Extrait de  " Paroles poétiques échappées du texte ", le Seuil, collection " les champs freudiens ".

" Si le pédagogisme, dont ne souffre pas seulement les enfants, ne brandissait pas comme une menace d'apocalypse les nouveautés de l'industrie, si les poètes dégorgeaient moins, pour le compte du Lieu culturel idyllique, s'ils osaient davantage se soulever contre l'emphase rationaliste, alors le manque de folie des savoirs gestionnaires deviendrait accablant et la prétention de balayer les derniers mensonges qui nous restent serait insupportable. L'affrontement guerrier des méthodes de rendement est obscurci par les propagandes scientistes prônant la parole et le bonheur psychologique; nous n'apercevons pas, sous une espèce de professionnalisation de la poésie, un nouveau style d'imposture : on nous détruit la déraison, celle qui fait vivre; on nous refuse le bluff. Contre l'entreprise universelle de la bienfaisance, qui n'hésite pas à transformer les thèmes de la douleur stoïcienne en pharmacopée, à fabriquer un Sénèque pour managers, il est devenu nécessaire d'user de brutalités : poètes, ayez le courage de la lâcheté, étudiez l'industrie.

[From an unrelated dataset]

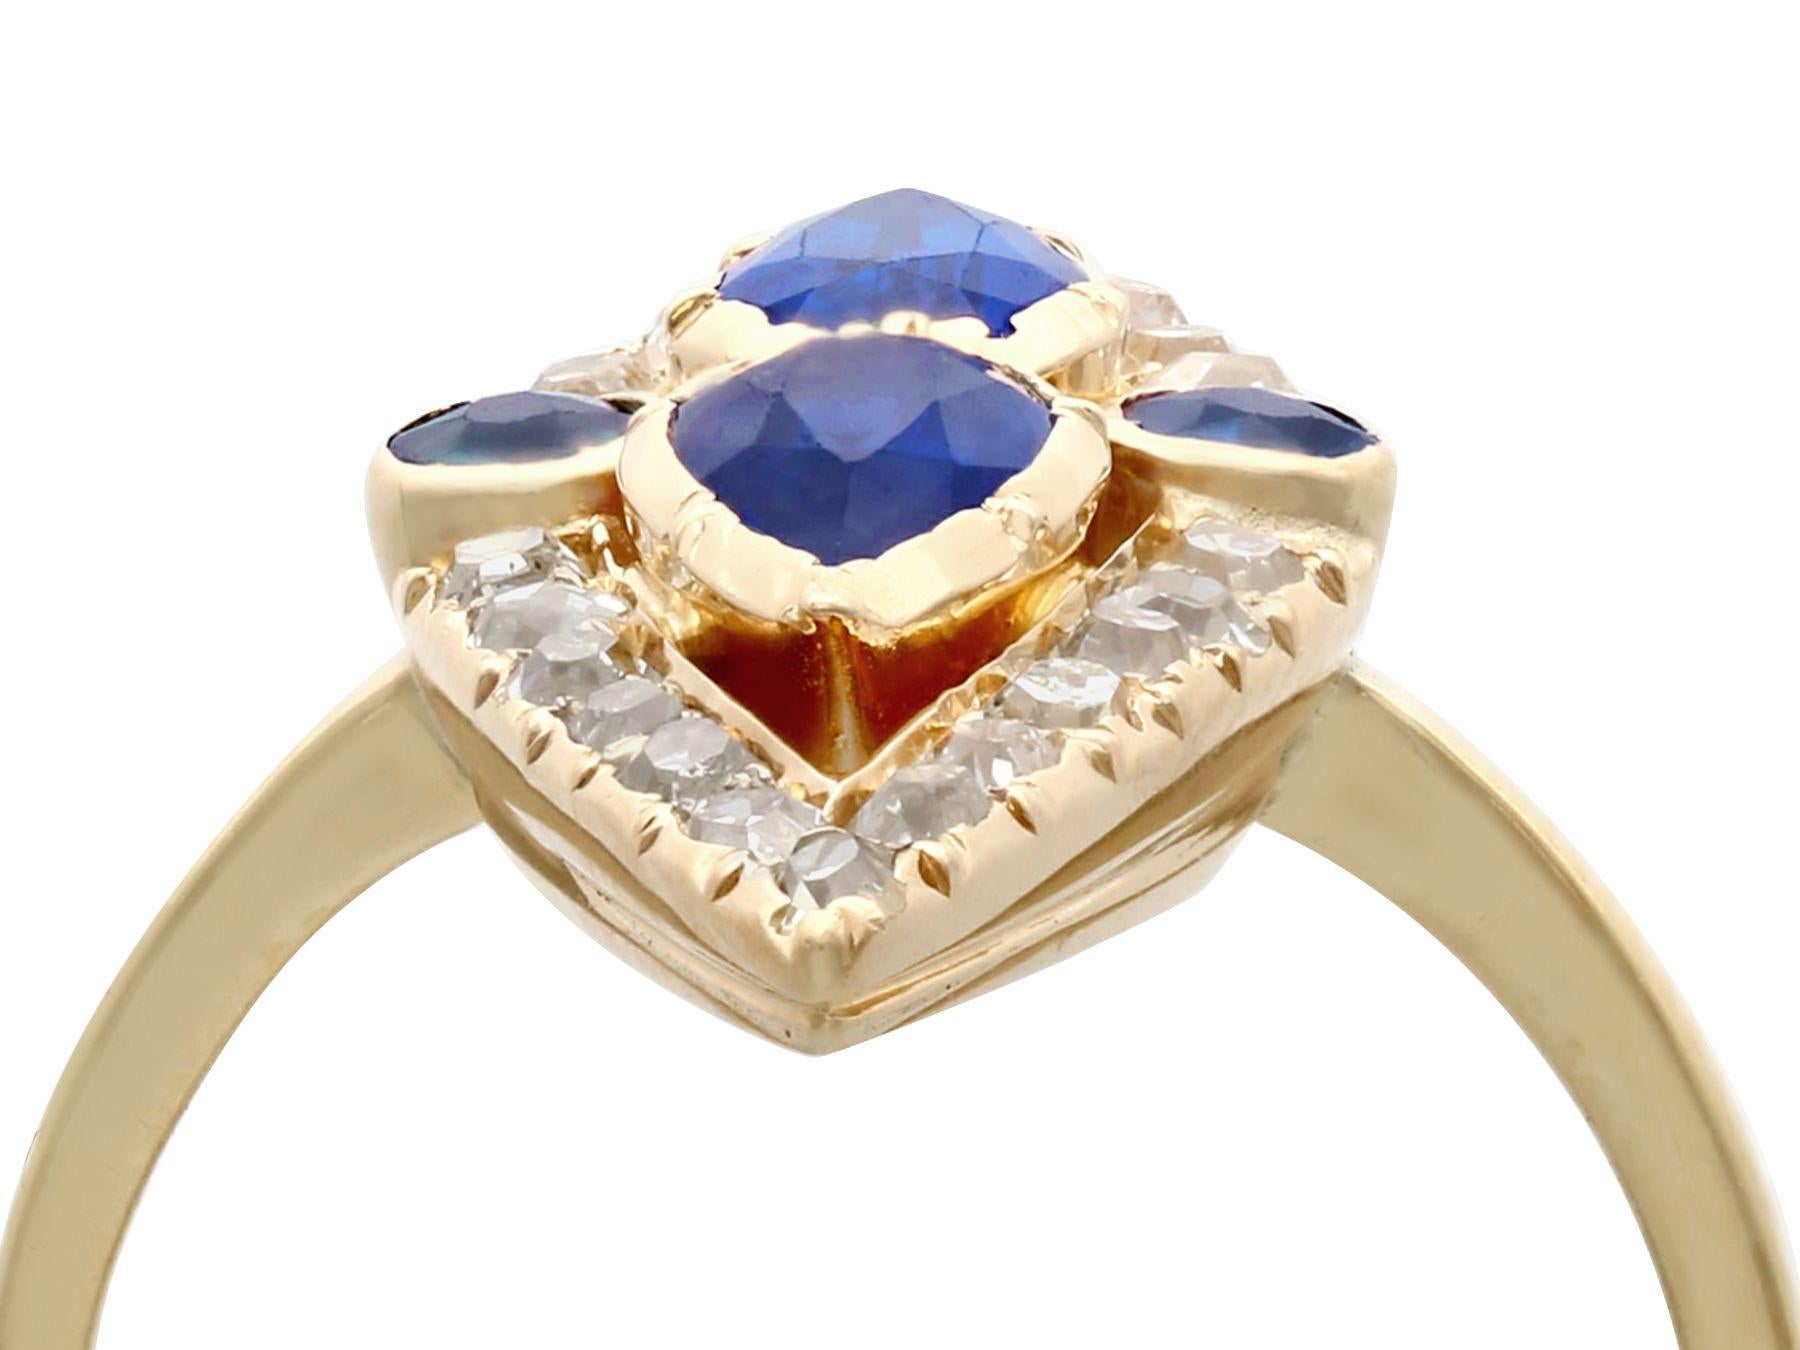 A stunning Victorian 1.35 carat blue sapphire and 1.32 carat diamond, 15 karat yellow gold marquise ring; part of our diverse antique jewelry collections.

This stunning, fine and impressive sapphire and diamond ring has been crafted in 15k yellow

J'ai toujours considéré, depuis l'enfance de mon savoir, que notre univers de producteurs civilisés comprenait deux espèces d'individus, les poètes et les autres ; d'après moi, ceux qui osent parler et les autres. Si les institutions ne peuvent être le lieu de la parole du sujet, mais seulement le lieu des violences ou des cérémonies diplomatiques dans la négociation des rapports humains, cela signifie que le système industriel, en tant qu'histoire de mots, ne peut être compris sans que les poètes s'en mêlent. Voici donc la seule manière concevable d'aborder la question savante de la structure : sans en appeler à la poésie, il est impossible de s'en approcher, parce que tout système d'institutions est un nœud de fables et que ces fables s'élaborent en un espace précieux de mots. Sans cette considération première, prétendre à la théorie est vain.

A compter de cette remarque, la structure peut faire l'objet d'observations sérieuses, en posant qu'il s'agit de l'étendue textuelle où nous sommes assignés à résidence. "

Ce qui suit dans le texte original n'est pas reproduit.